Research


My research centered on Artificial Intelligence specifically:
  • Statistical Machine Learning in particular its application to real world challenges. I have explored statistical machine learning solutions to natural language classification tasks, including spam filtering and document classification.
  • Active Learning This subset of Artificial Intelligence examines the specific problem of applying supervised learning algorithms in domains where labelled data is scarce. While supervised learning techniques reduce the overall burden of producing models for classification, there are many domains where the act of collecting sufficiently large training data is prohibitive (for example in a domain where the correct label can only be found through expensive tests). Active Learning addresses this problem by allowing the model to select its training data from a pool (or stream) of unlabelled data. Only those selected examples require labelling, giving orders of magnitude reductions in labelling effort. The main benefits is the reducing the labelling effort, but active learning can also be used to track concept drift.

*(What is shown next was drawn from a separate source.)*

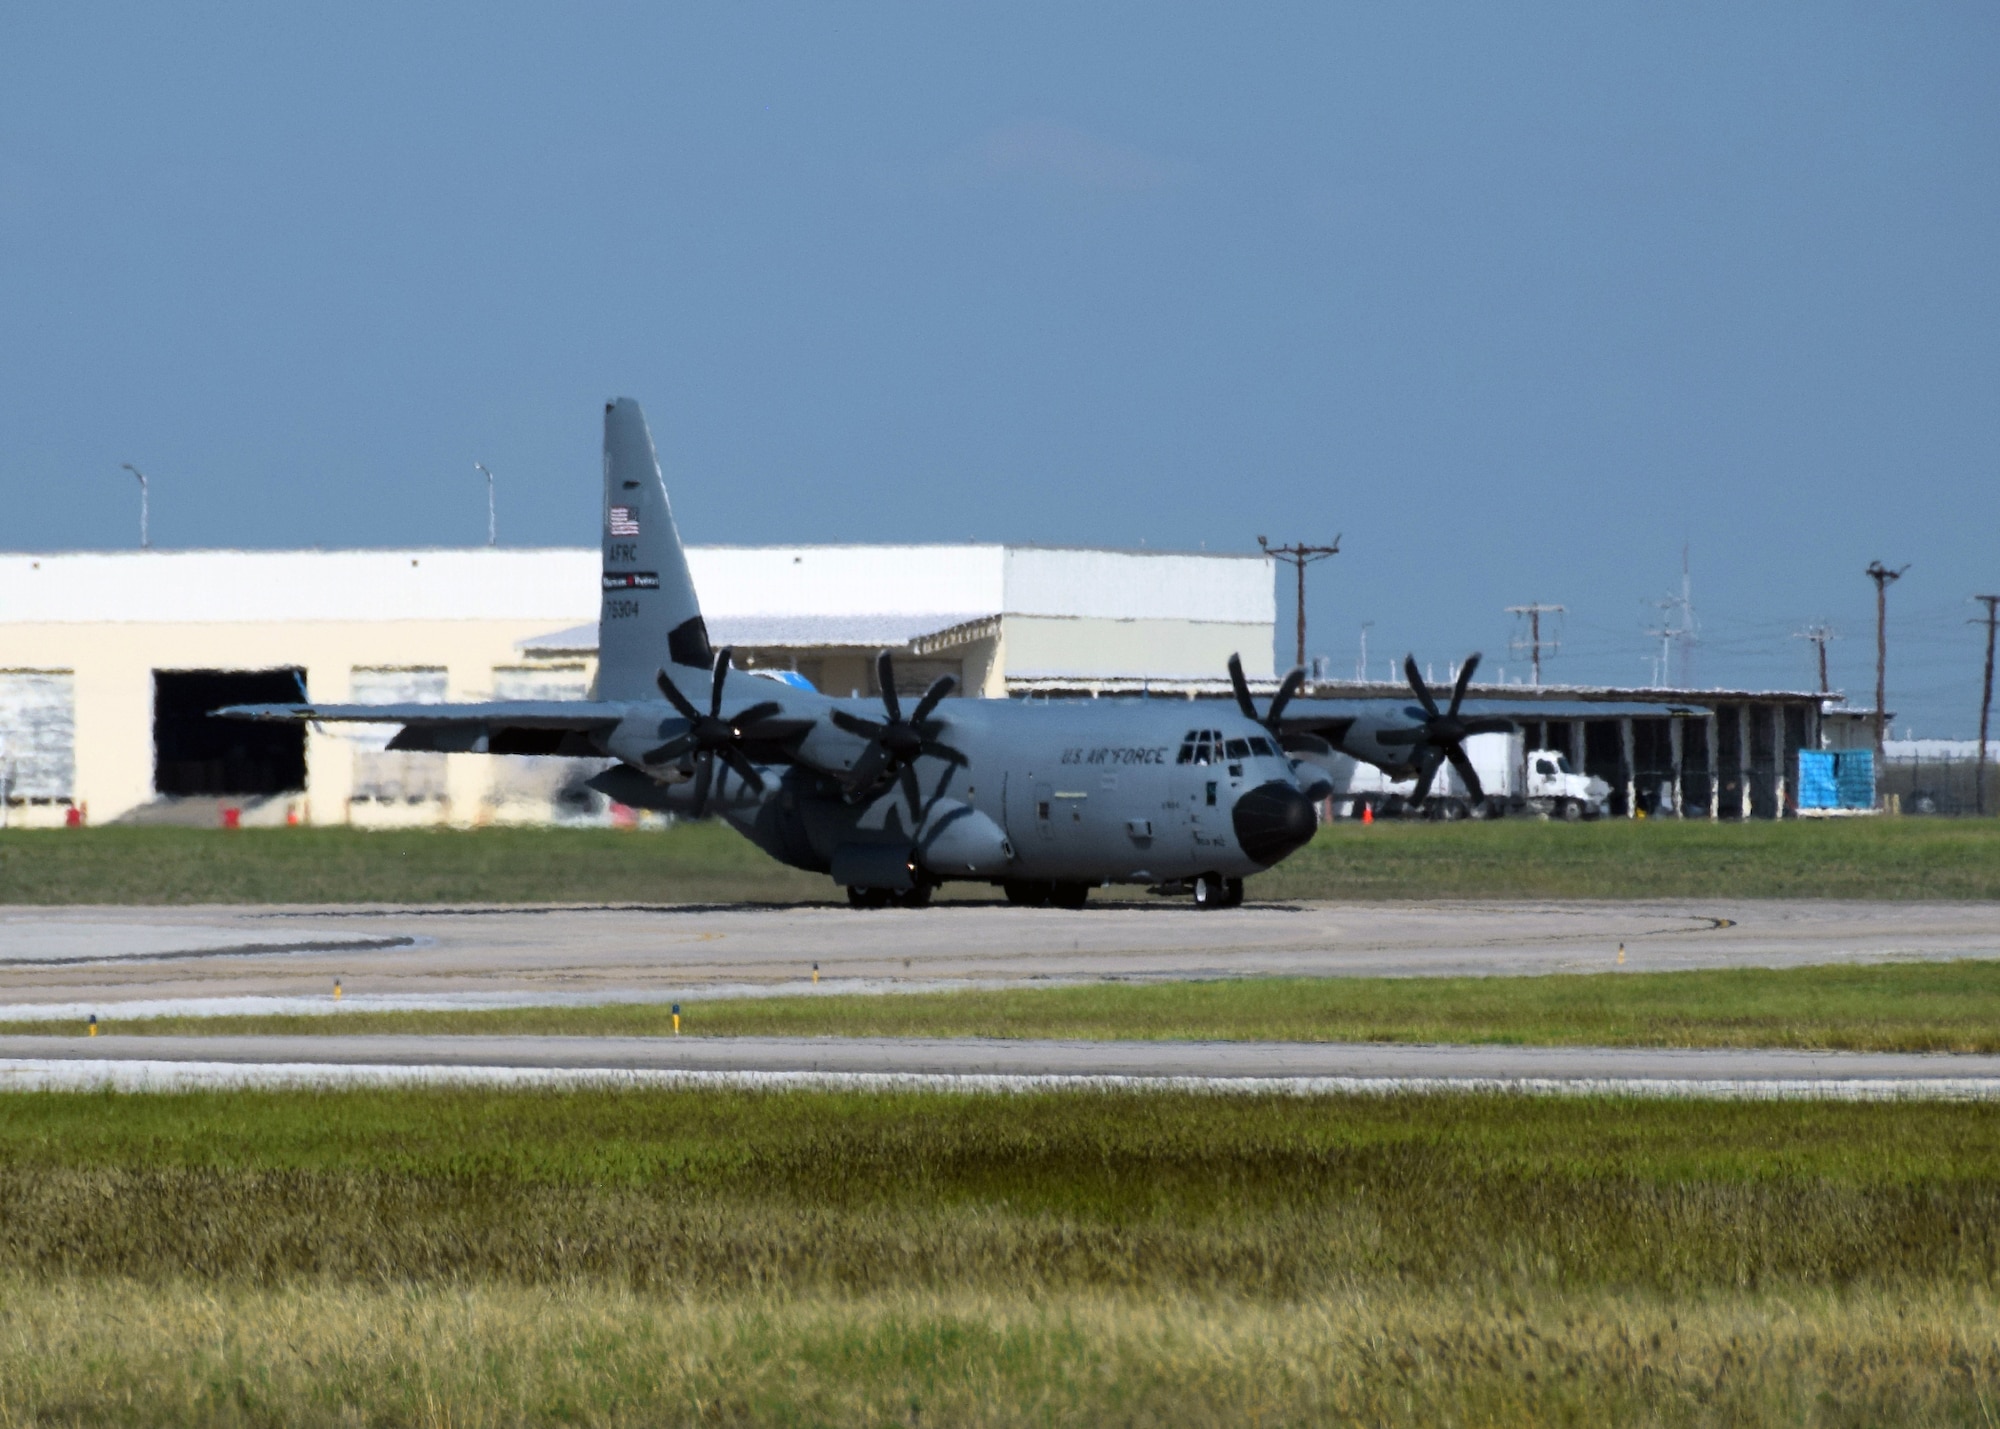 A WC-130J Hercules “Hurricane Hunter” weather reconnaissance aircraft from the 403rd Wing at Keesler Air Force Base, Mississippi, taxis to a parking spot on the 433rd Airlift Wing ramp at Joint Base San Antonio-Lackland, Texas Oct. 6, 2020.

  • Sentiment Analysis is an interesting classification task, in which the labels we wish to predict are the opinion (positive or negative) expressed in natural language text. This is an emerging research area which has many new and interesting applications. I have worked at examining and predicting the polarity of financial blog data. Being able to automatically predict the polarity of text has direct applicability to marketing and advertisement campaigns.
  • Dimensionality Reduction is a machine learning technique whereby high-dimensional data is represented by a much smaller set of features yet still retains the salient information. High-dimensional data is a particular problem in text classification tasks where the number of features used to represent documents can range from tens of thousands to hundreds of thousands. Dimensionality reduction is a useful tool in reducing the size of the data, giving significant saving in both computational and memory requirements of a classification system.
  • Reinforcement Learning is an alternative way of training classification systems, whereby instead of supplying labelled training data, the learner is given rewards or punishments based on its actions. I investigated reinforcement learning techniques for use in active learning whereby a number of alternative strategies were available to the learner in each iteration of active learning. The learner utilised reinforcement learning techniques to adaptively choose between the alternative strategies based on their relative performance. The goal was to track, as close as possible, the optimal strategy in each iteration of active learning.